→ To do: Pictures in the records below are skipped; the rest is copied exactly.

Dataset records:
= Beginning of Section =

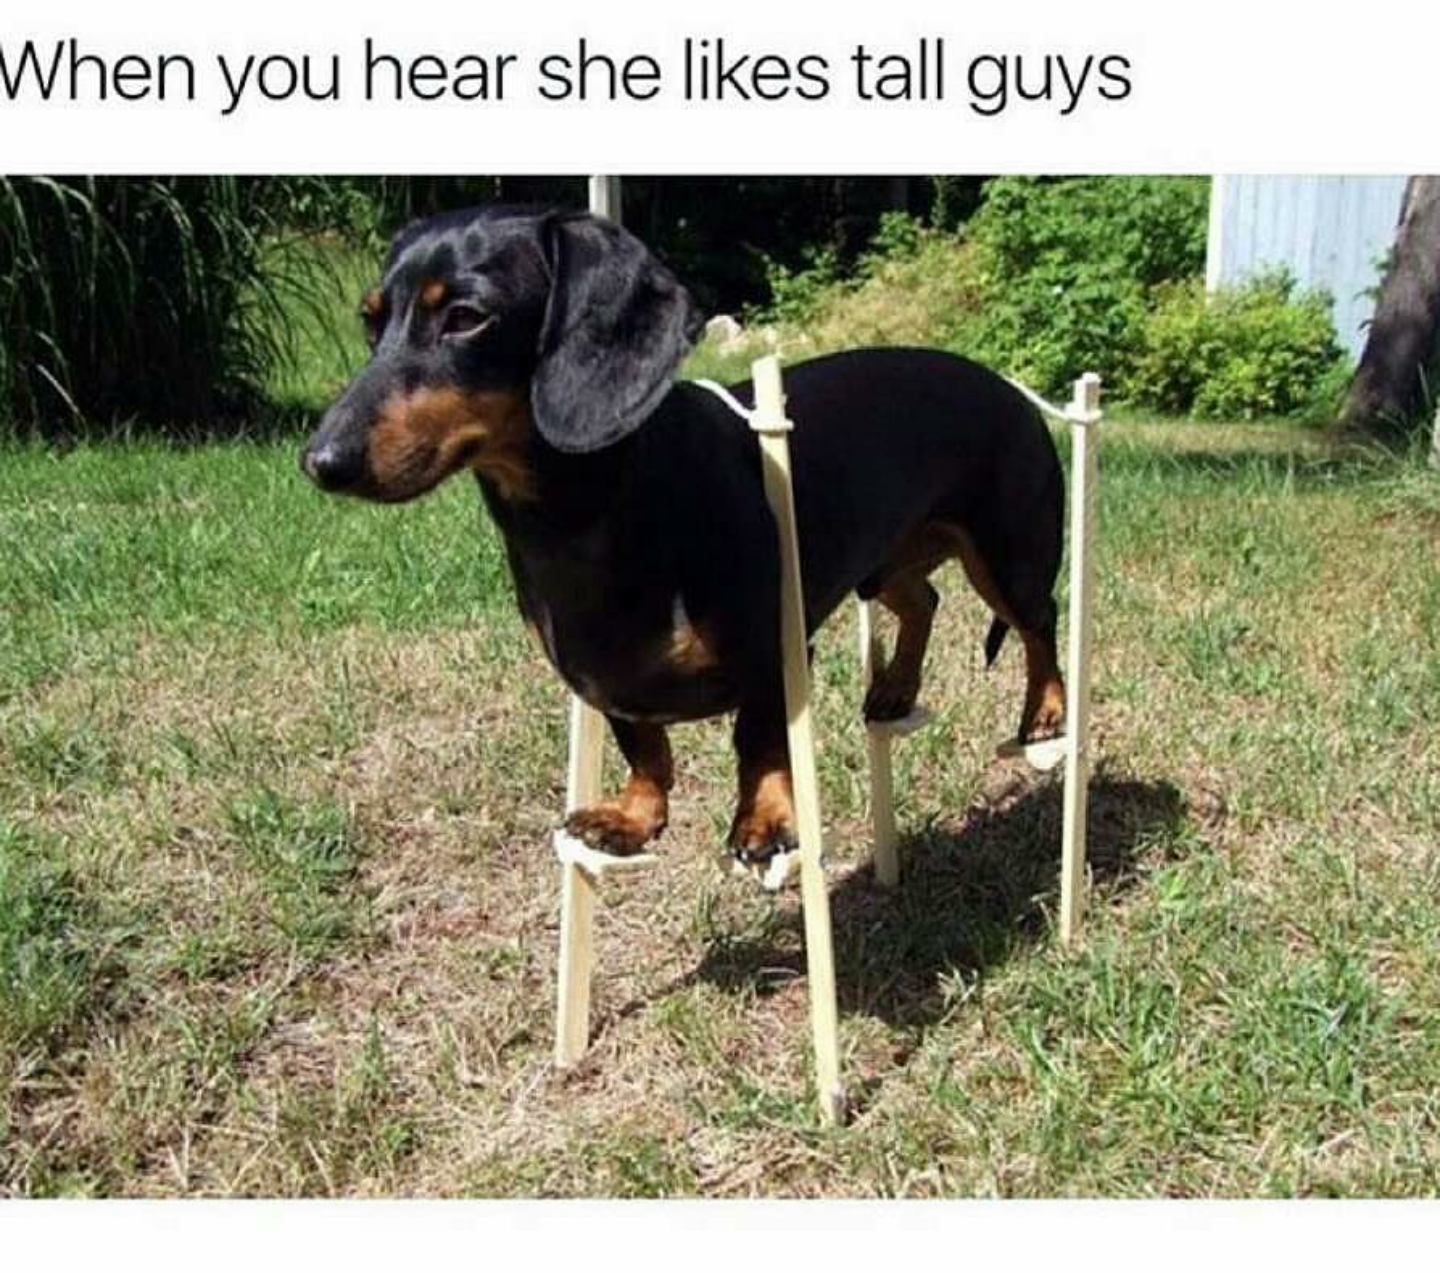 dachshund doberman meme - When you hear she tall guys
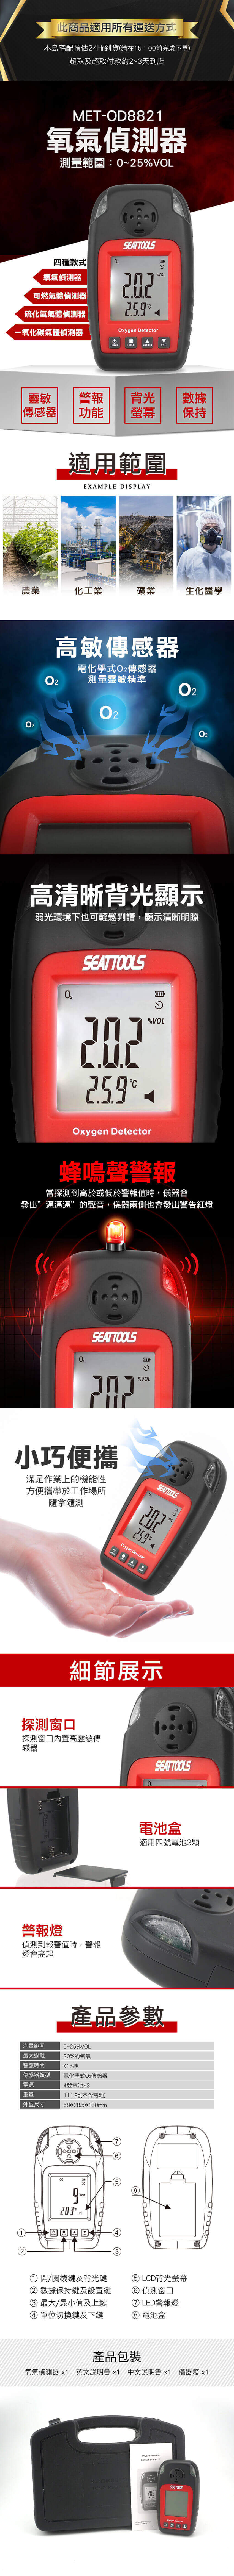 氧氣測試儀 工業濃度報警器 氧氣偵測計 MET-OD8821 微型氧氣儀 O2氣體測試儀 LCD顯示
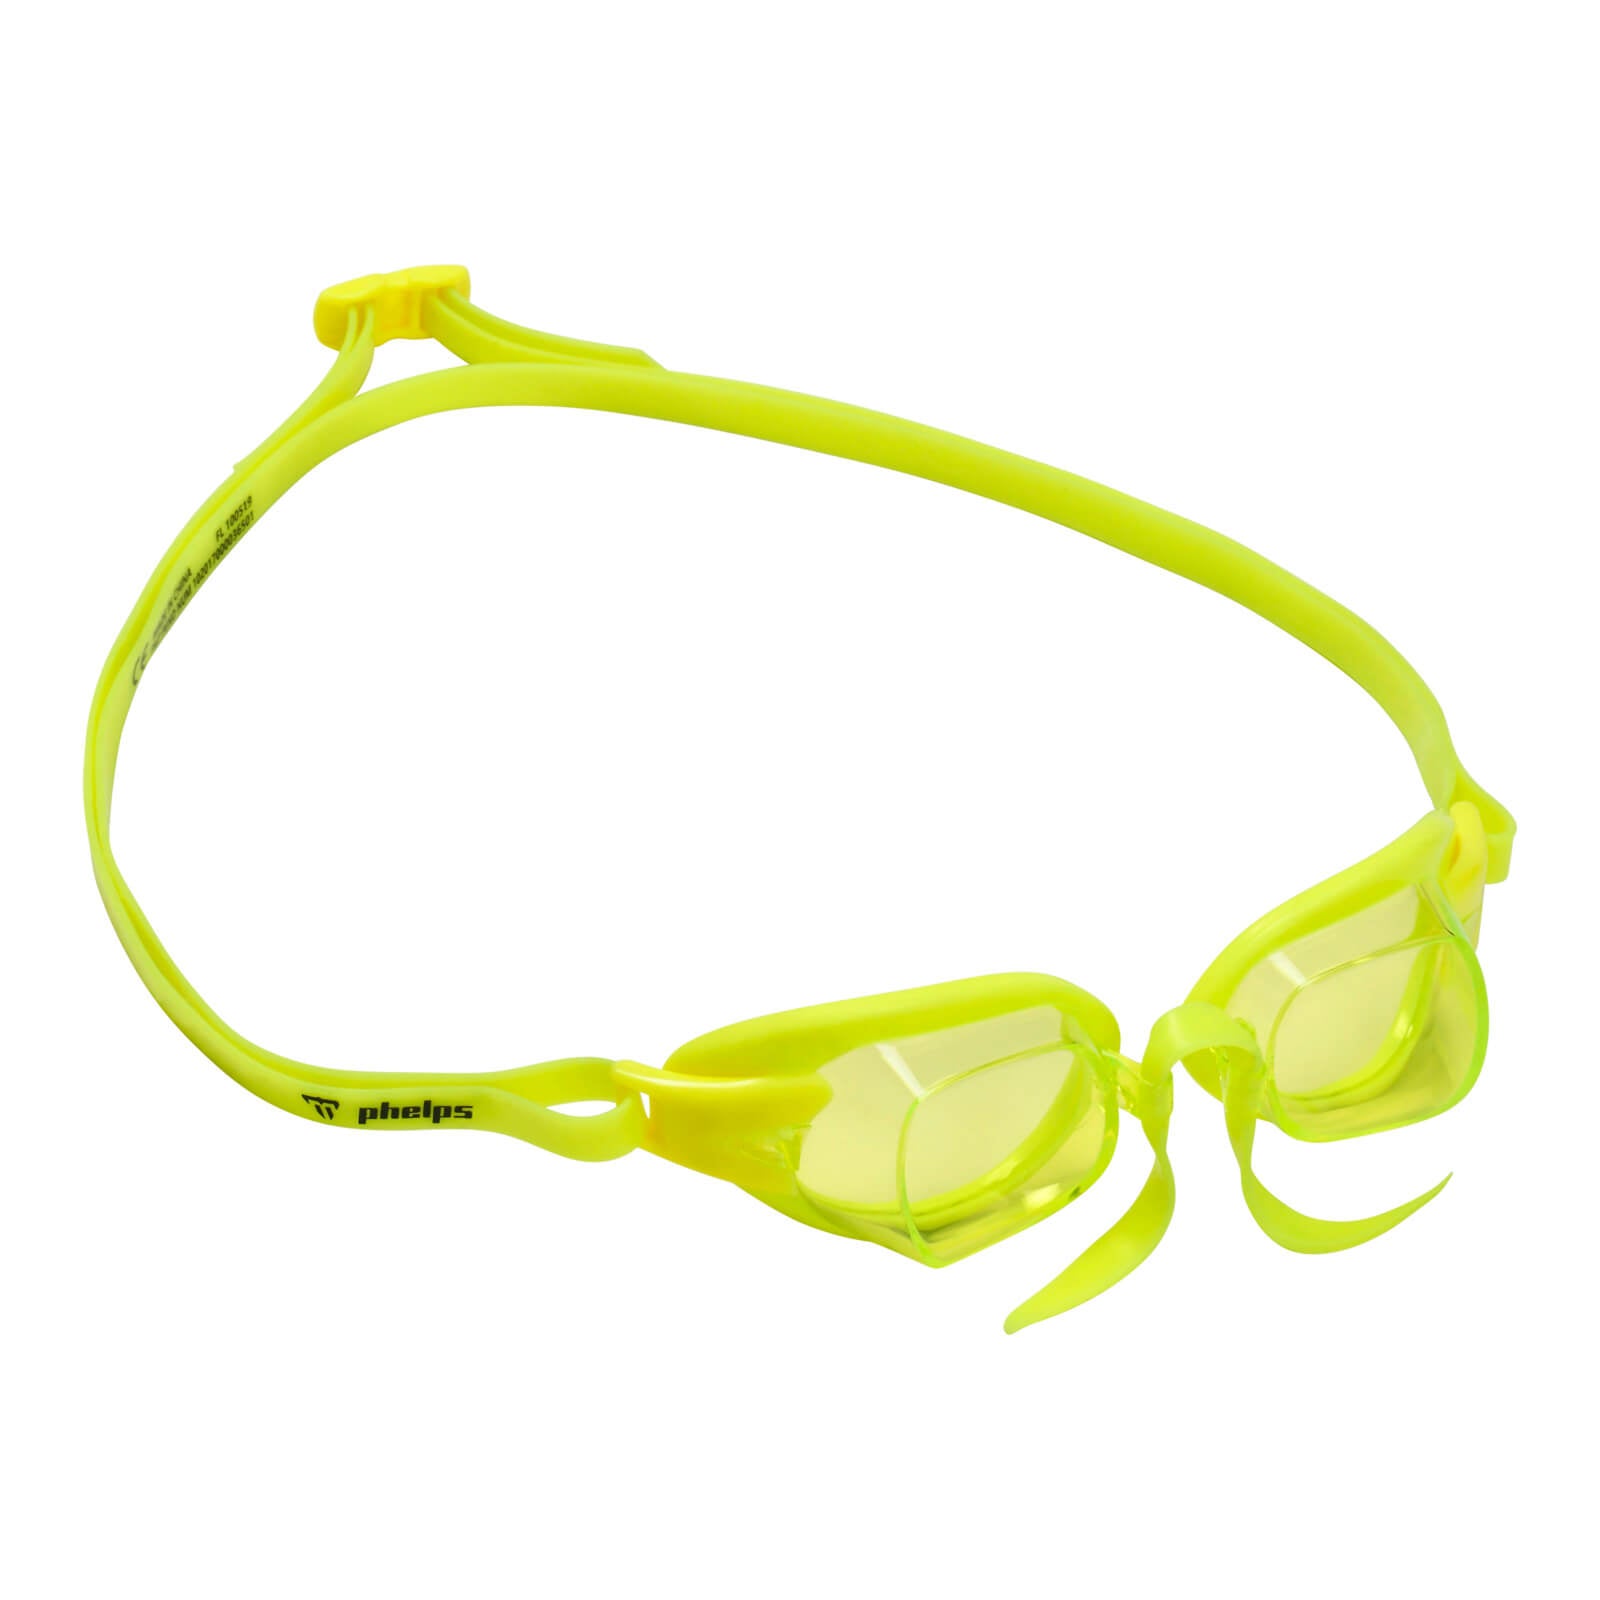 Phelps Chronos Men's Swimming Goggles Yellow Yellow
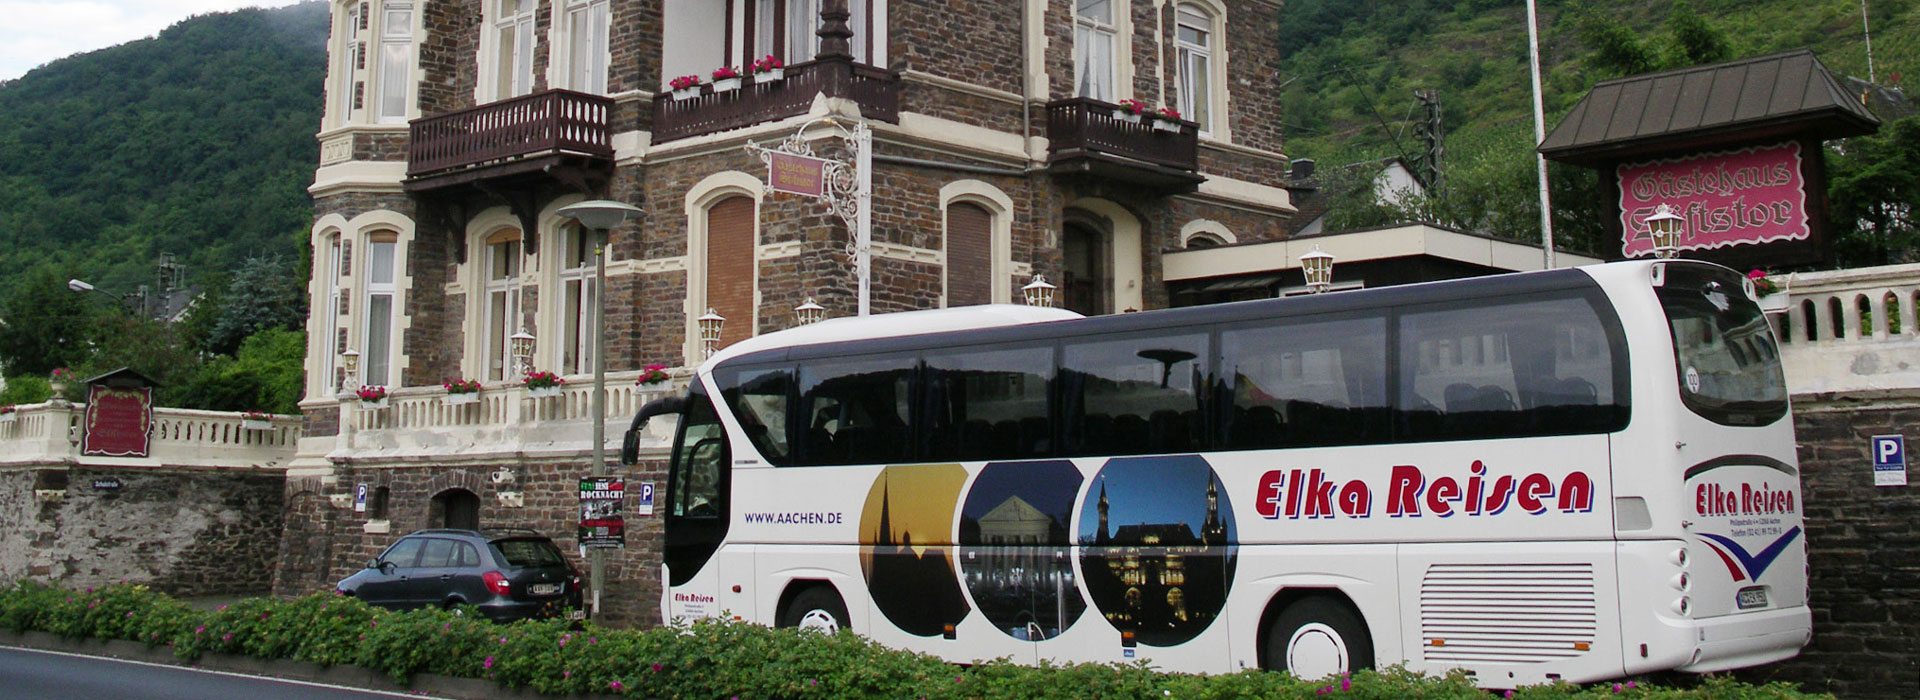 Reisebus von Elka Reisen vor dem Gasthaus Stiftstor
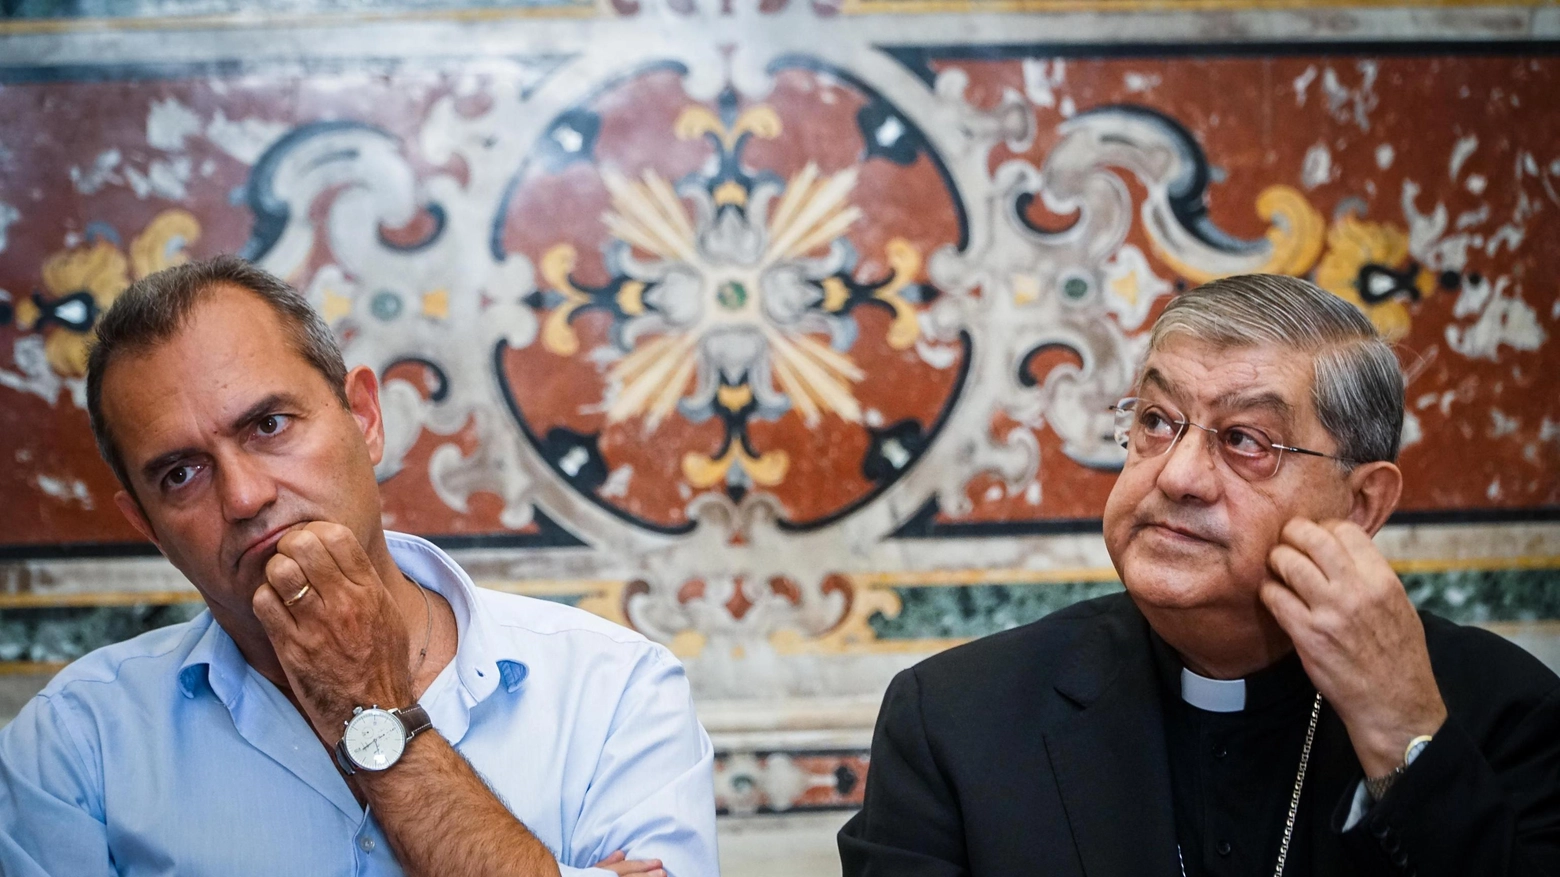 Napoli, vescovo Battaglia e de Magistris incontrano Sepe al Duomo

= End of Section =

→ Exercise answer:
 dachshund doberman meme - When you hear she tall guys
 氧氣測試儀 工業濃度報警器 氧氣偵測計 MET-OD8821 微型氧氣儀 O2氣體測試儀 LCD顯示
 Phelps Chronos Men's Swimming Goggles Yellow Yellow
 Reisebus von Elka Reisen vor dem Gasthaus Stiftstor
 Napoli, vescovo Battaglia e de Magistris incontrano Sepe al Duomo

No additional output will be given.